- [Given data]:
---------------

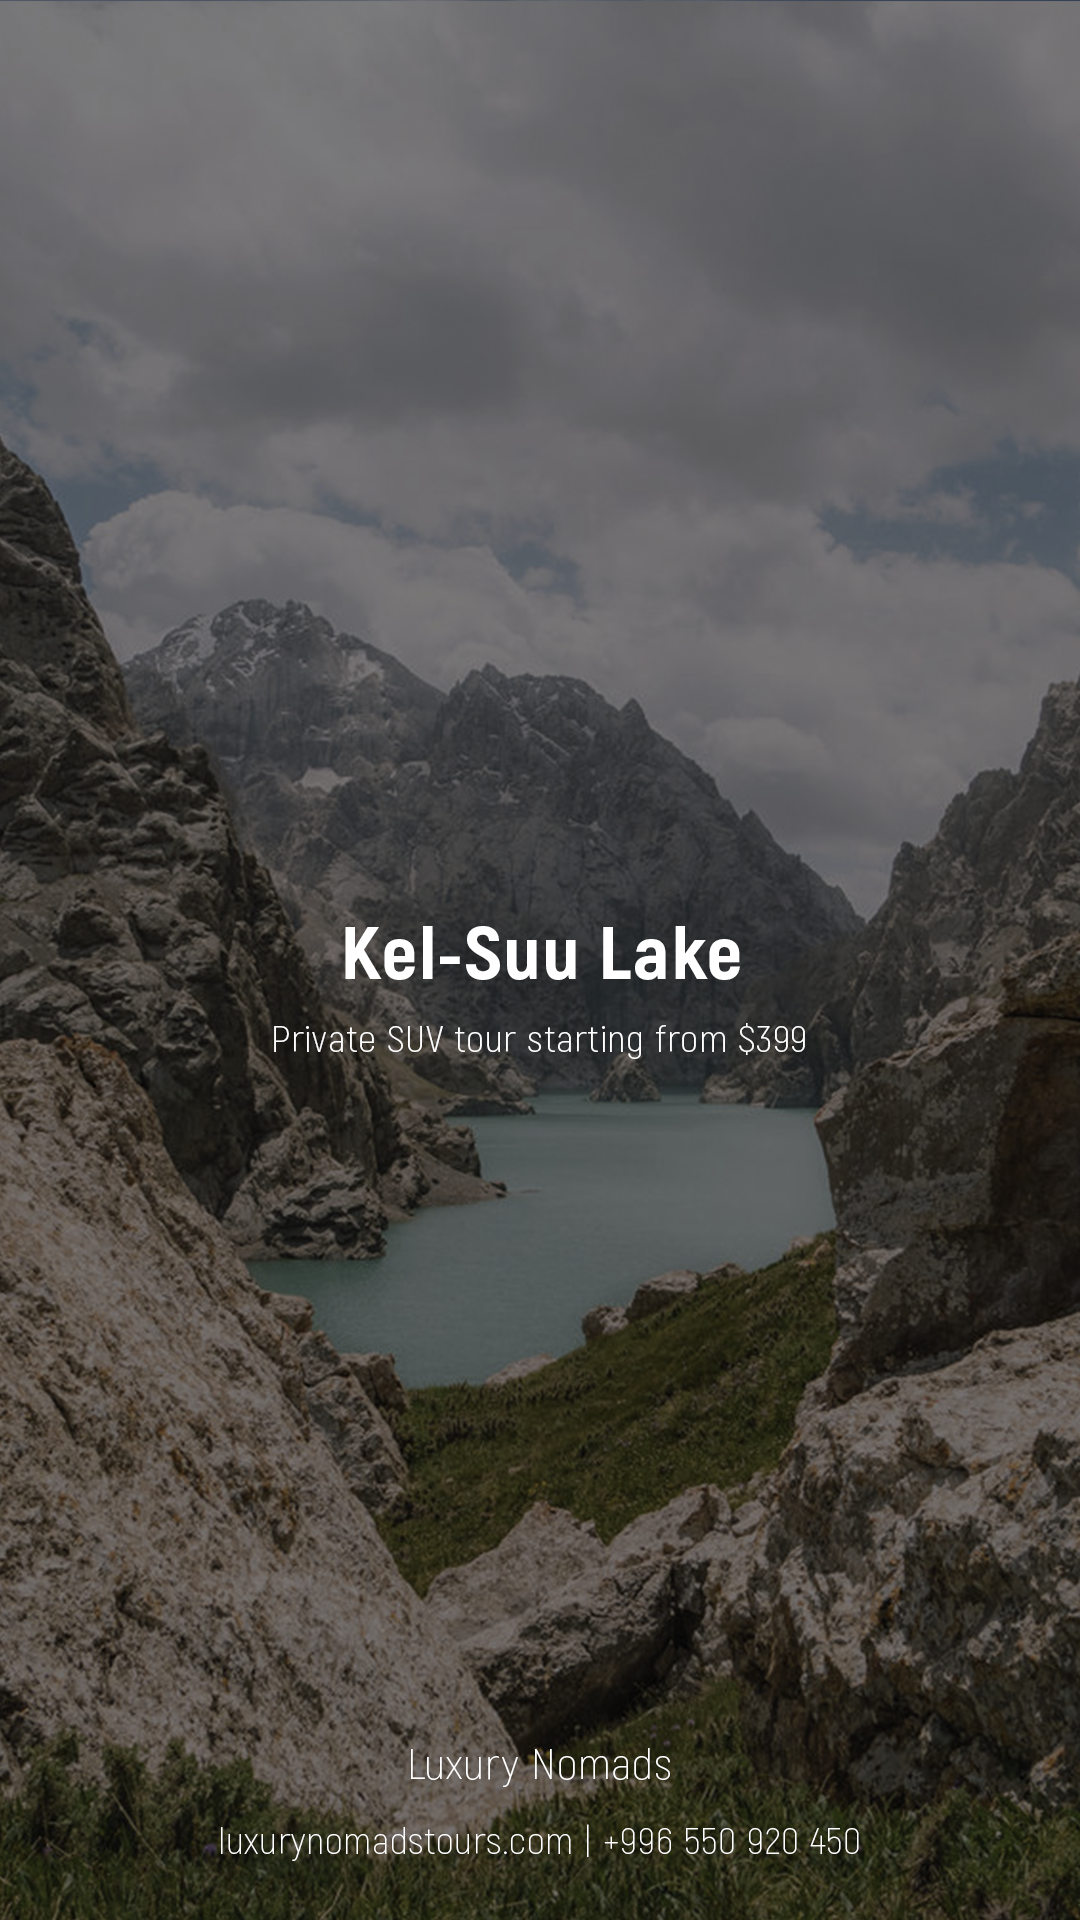 Kel-Suu Lake
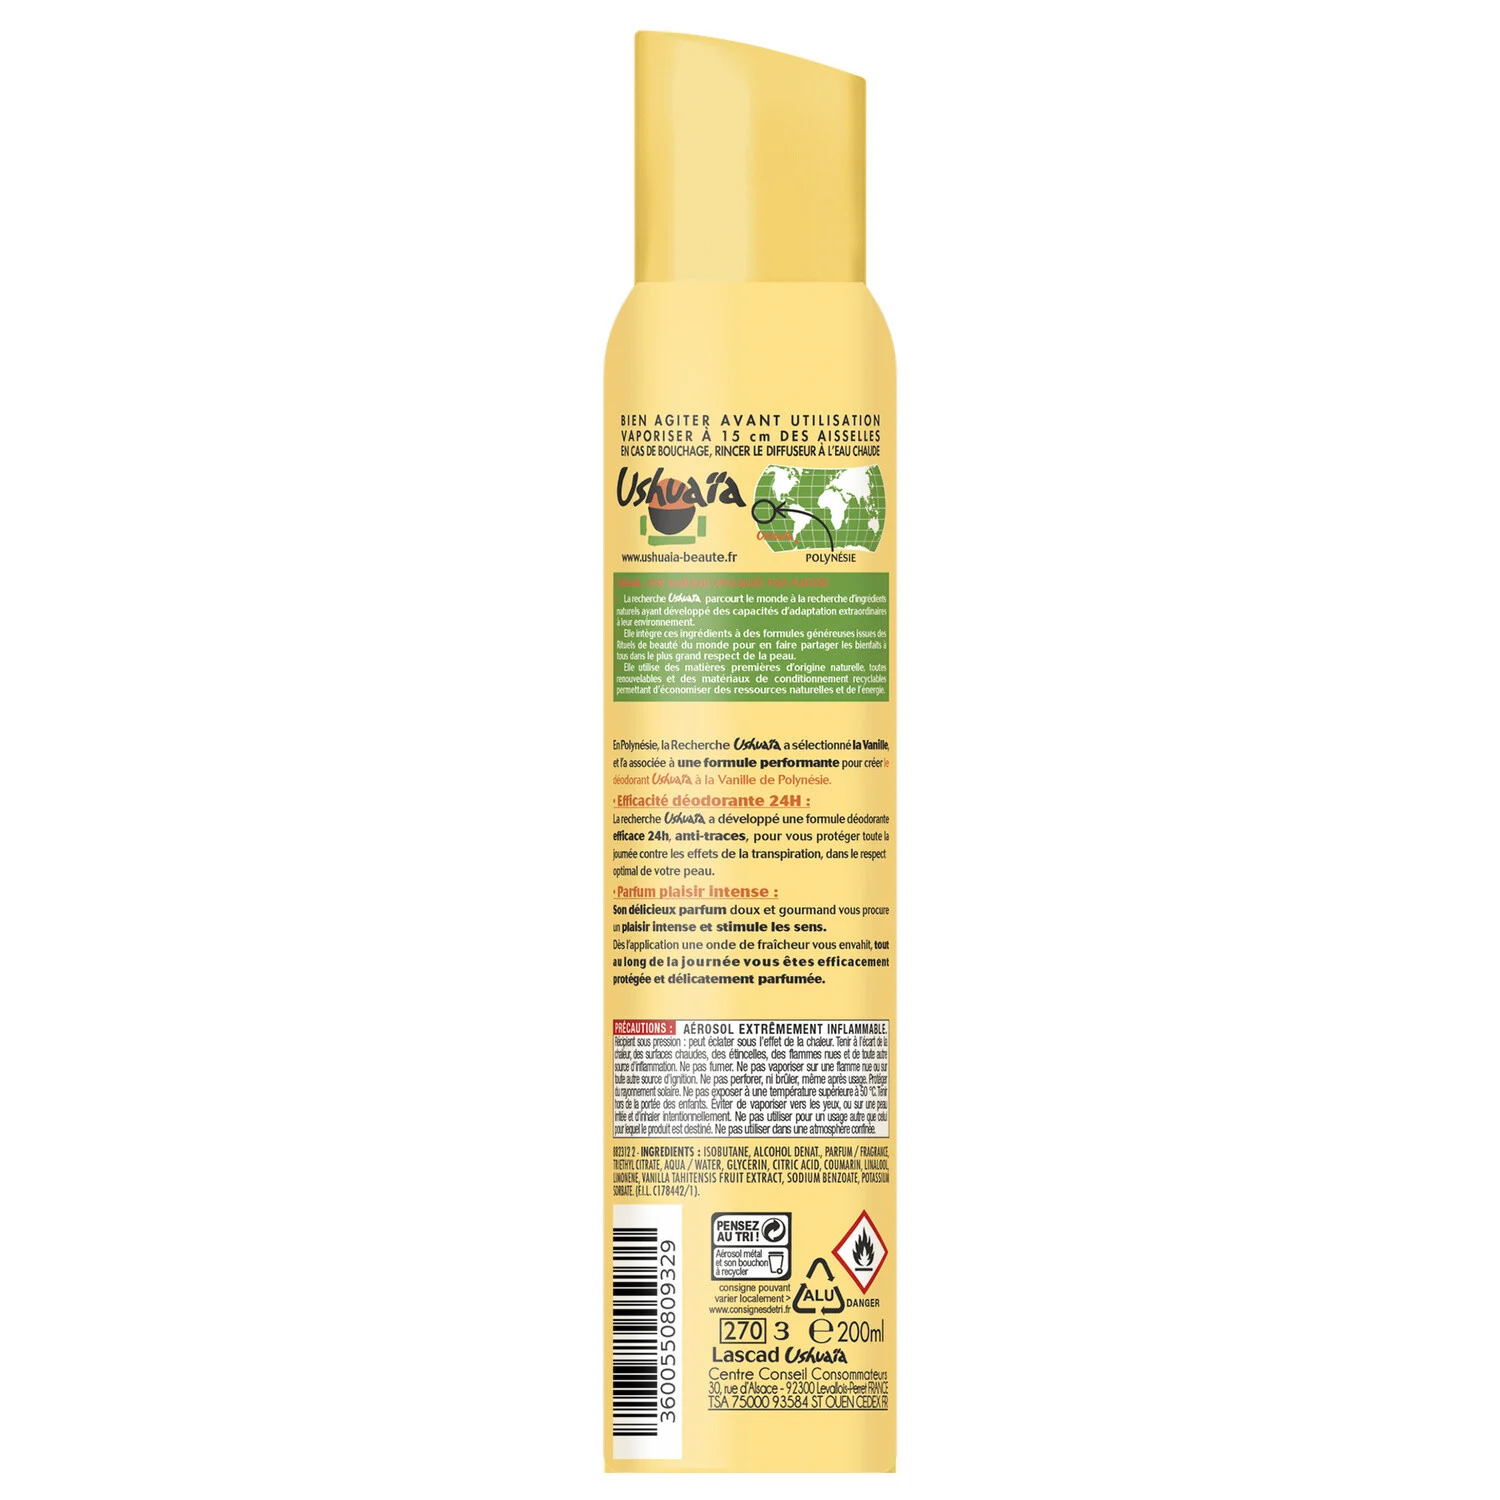 Ushuaia Spray deodorant Vanilla 200ml
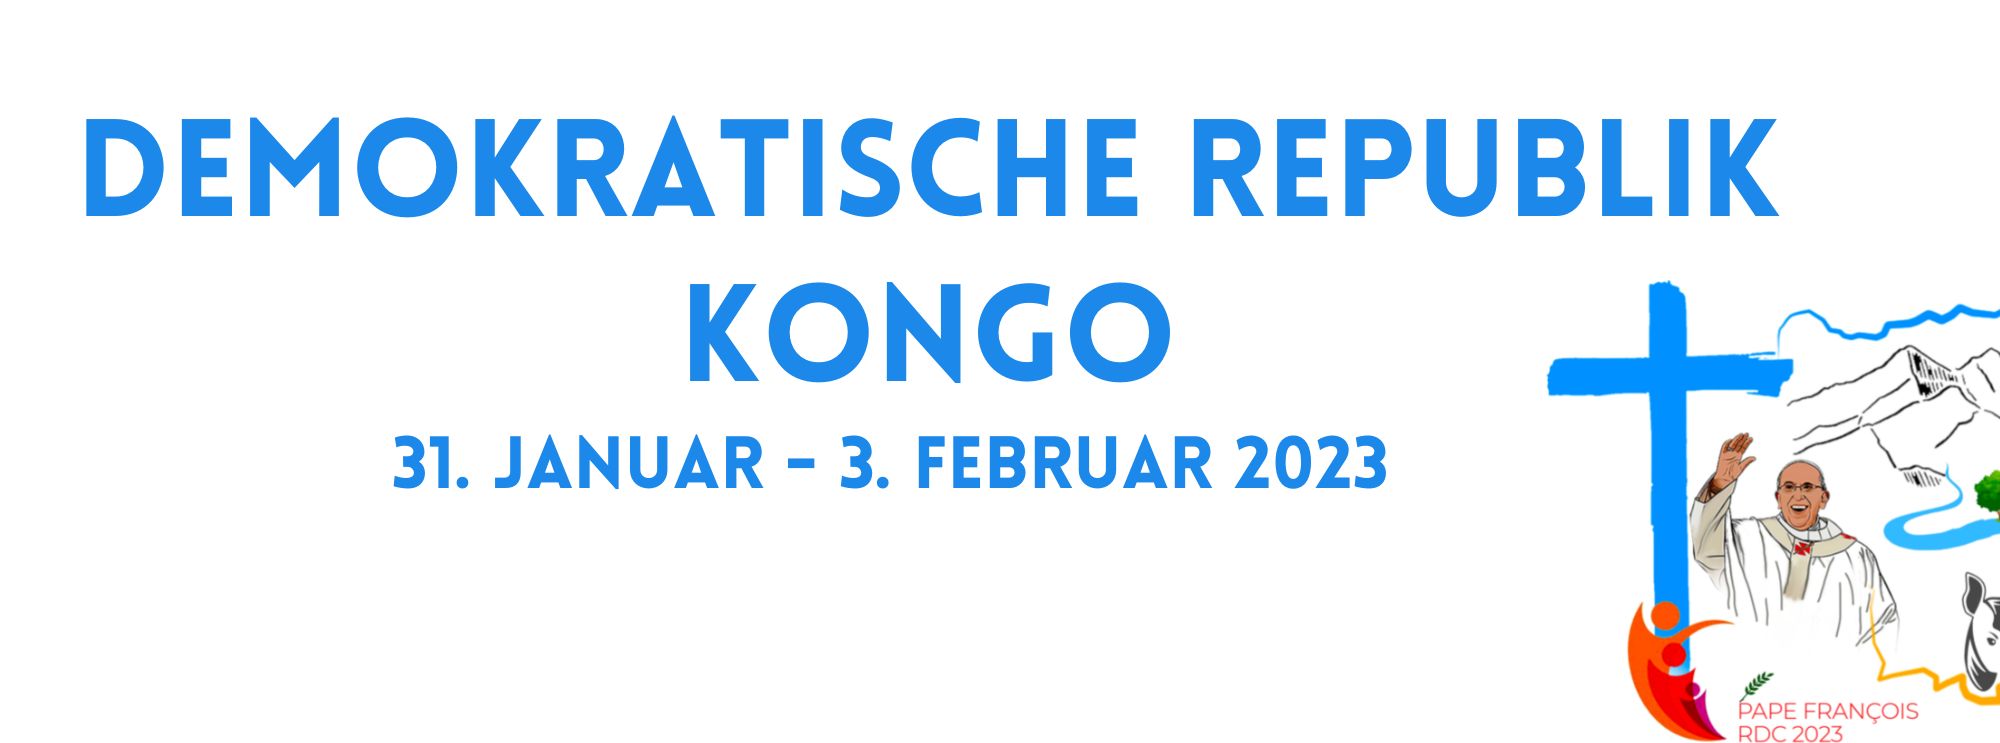 Apostolische Reise von Papst Franziskus in die Demokratische Republik Kongo und den Südsudan (31. Januar - 5. Februar 2023)

---------------

- [Task objective]: Once the pictures are set aside, repeat the data above exactly.

- [Task result]:
 Kel-Suu Lake
 Ushuaia Spray deodorant Vanilla 200ml
 Apostolische Reise von Papst Franziskus in die Demokratische Republik Kongo und den Südsudan (31. Januar - 5. Februar 2023)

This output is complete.